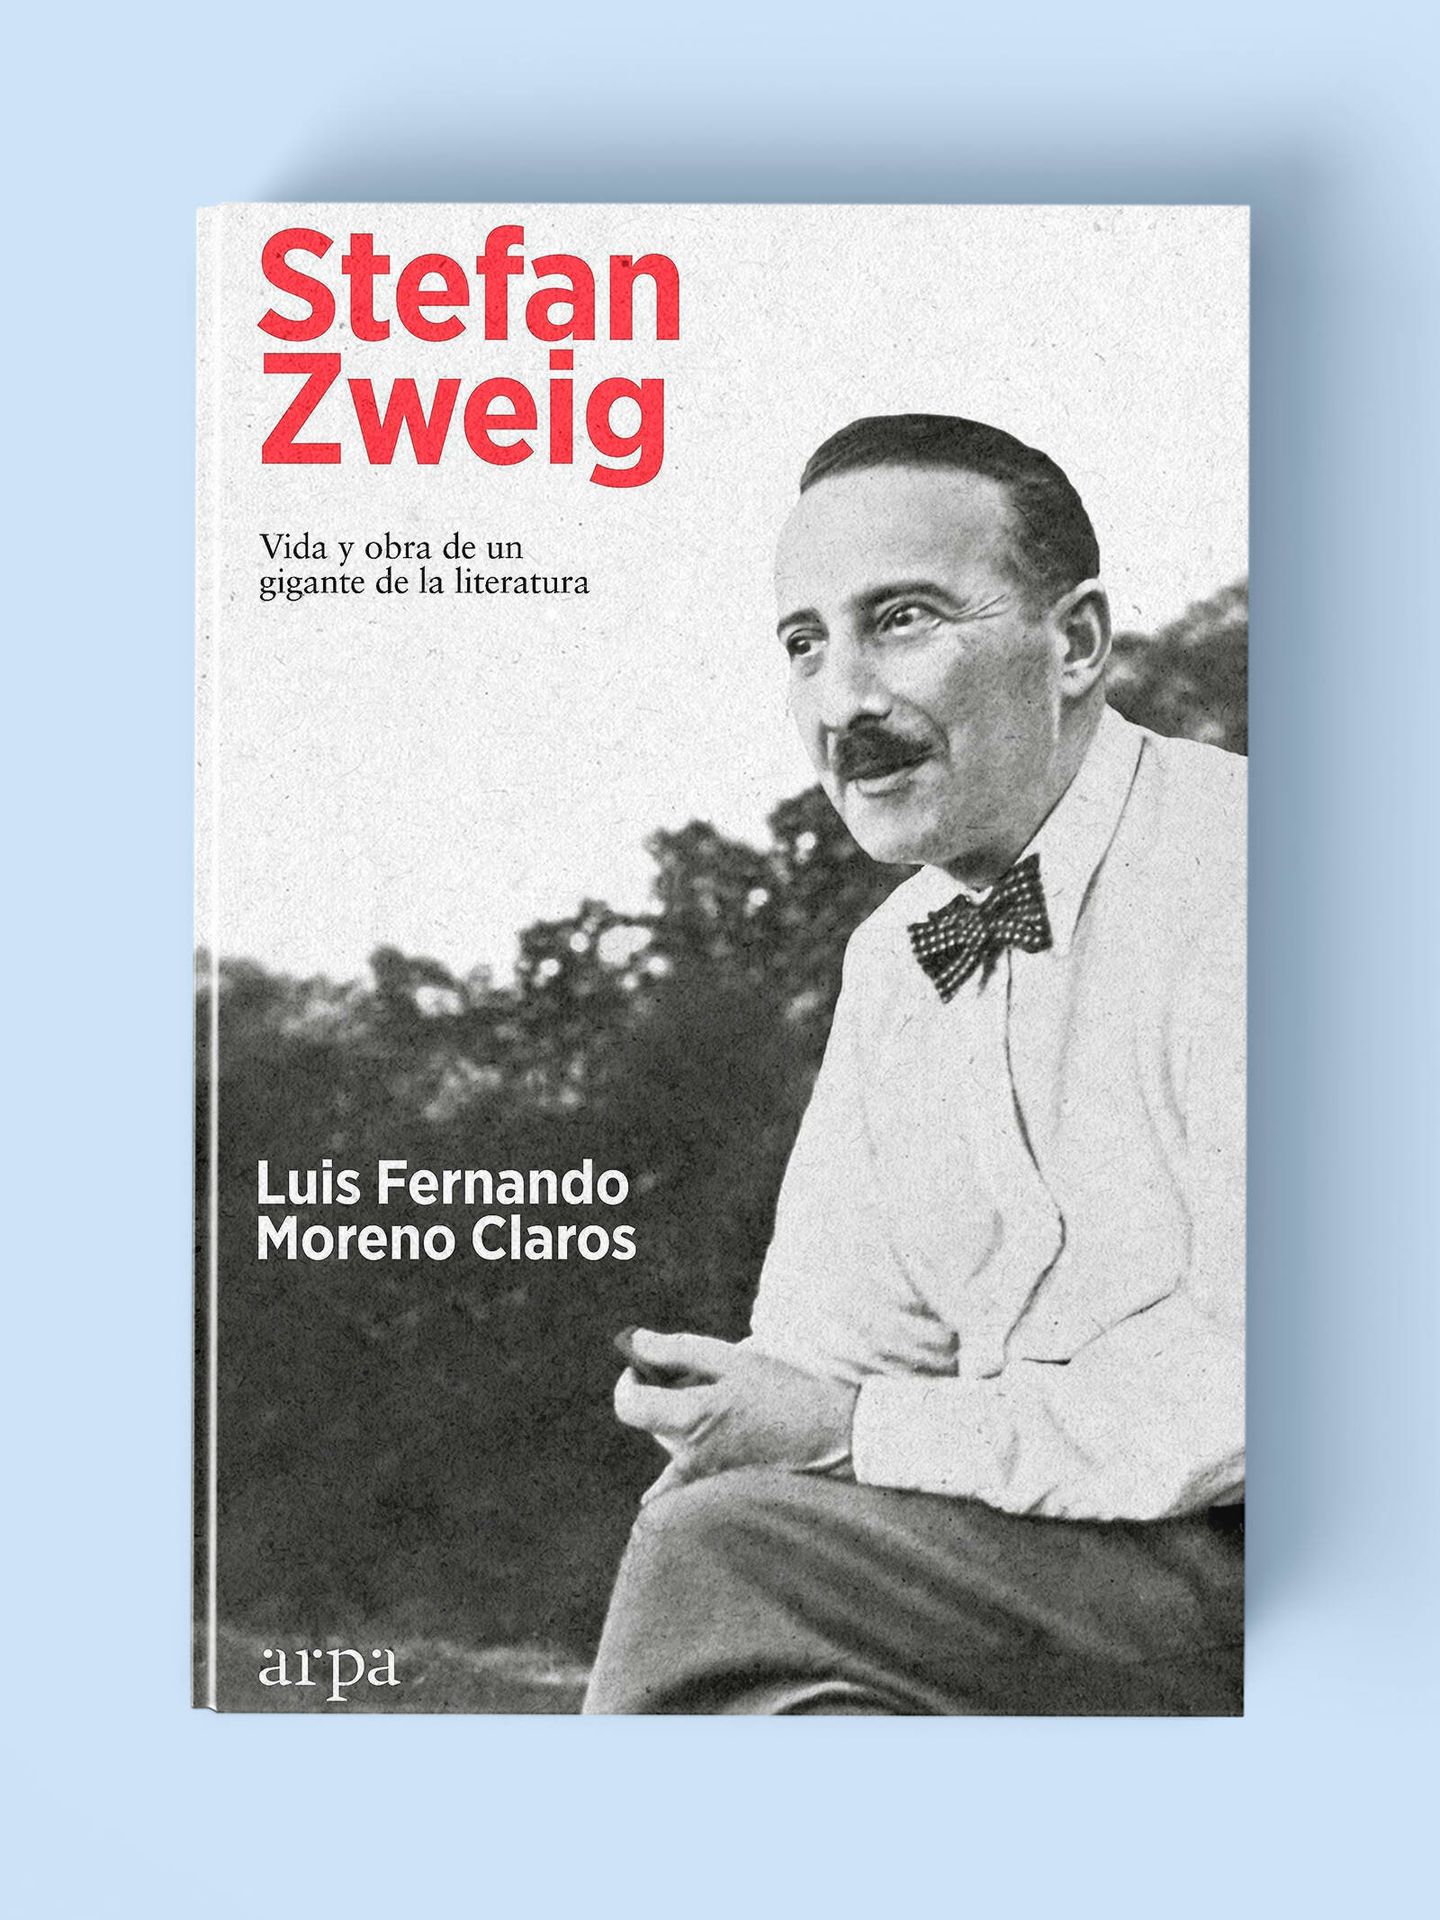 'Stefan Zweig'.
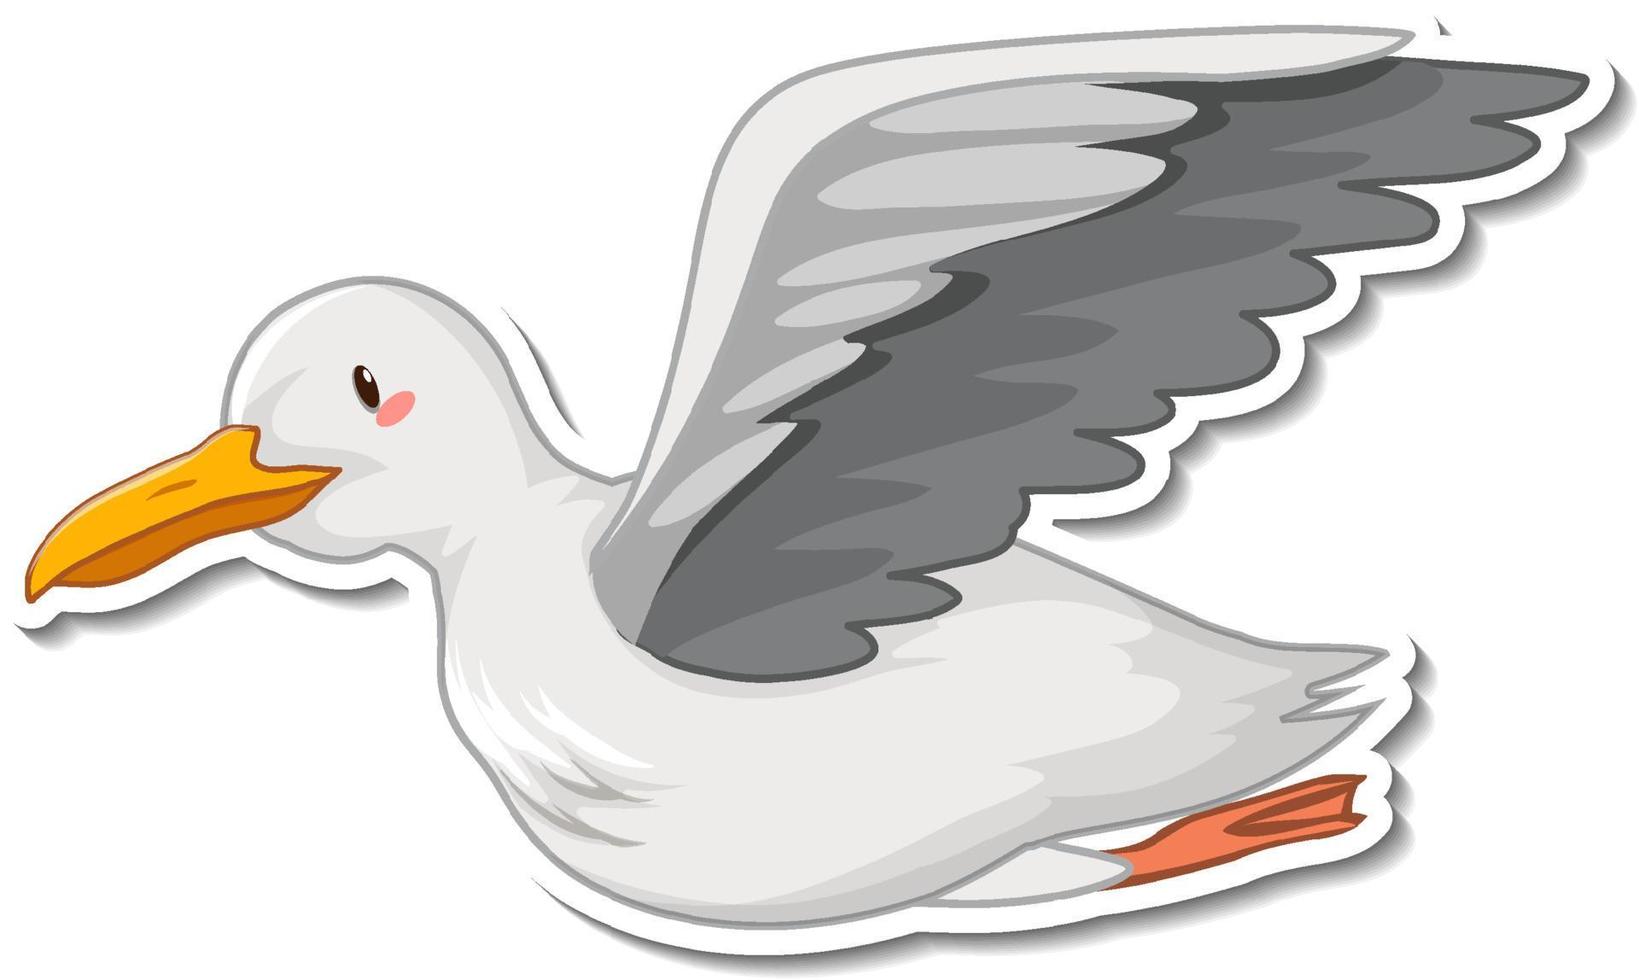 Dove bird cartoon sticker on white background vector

- - - - - - -

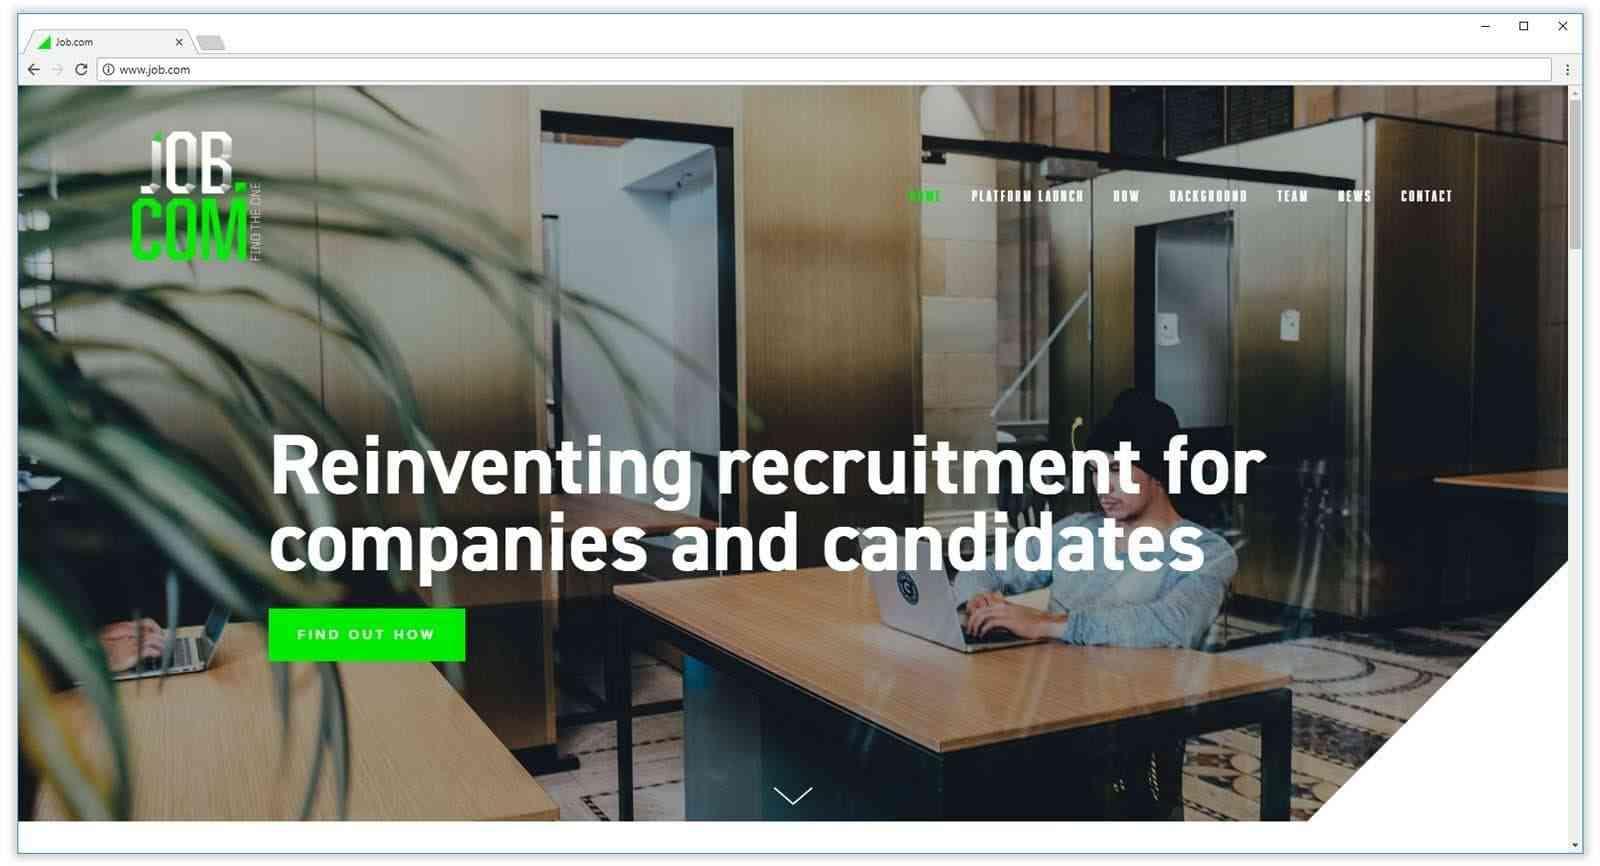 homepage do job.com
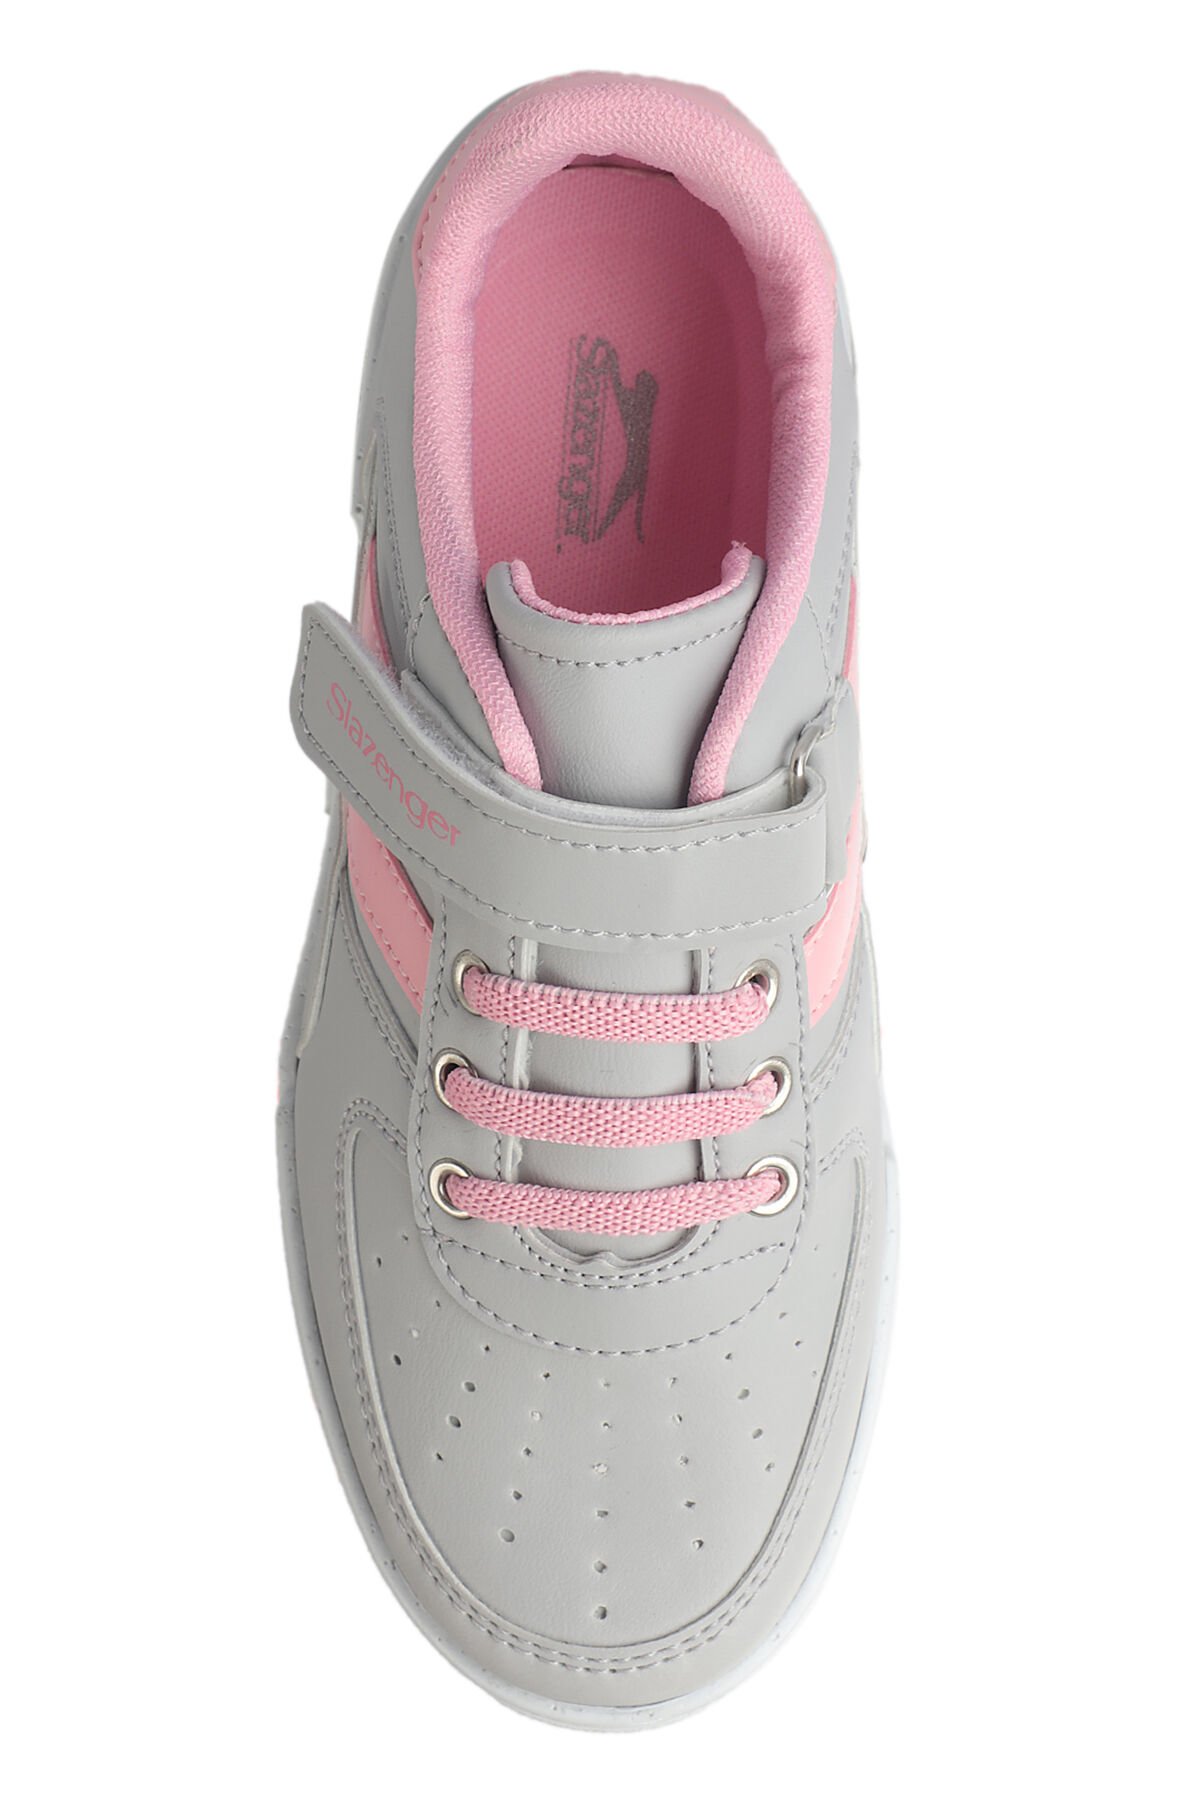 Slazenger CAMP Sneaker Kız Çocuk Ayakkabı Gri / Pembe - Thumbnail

- - - - - - -

- What you are asked to do
Only one stretch of the listing above is to be duplicated: the lines from the one containing "homepage do job.com" through the one containing "Slazenger CAMP Sneaker", both included. Copy them exactly, minus the pictures.

- Task solution
 homepage do job.com
 Slazenger CAMP Sneaker Kız Çocuk Ayakkabı Gri / Pembe - Thumbnail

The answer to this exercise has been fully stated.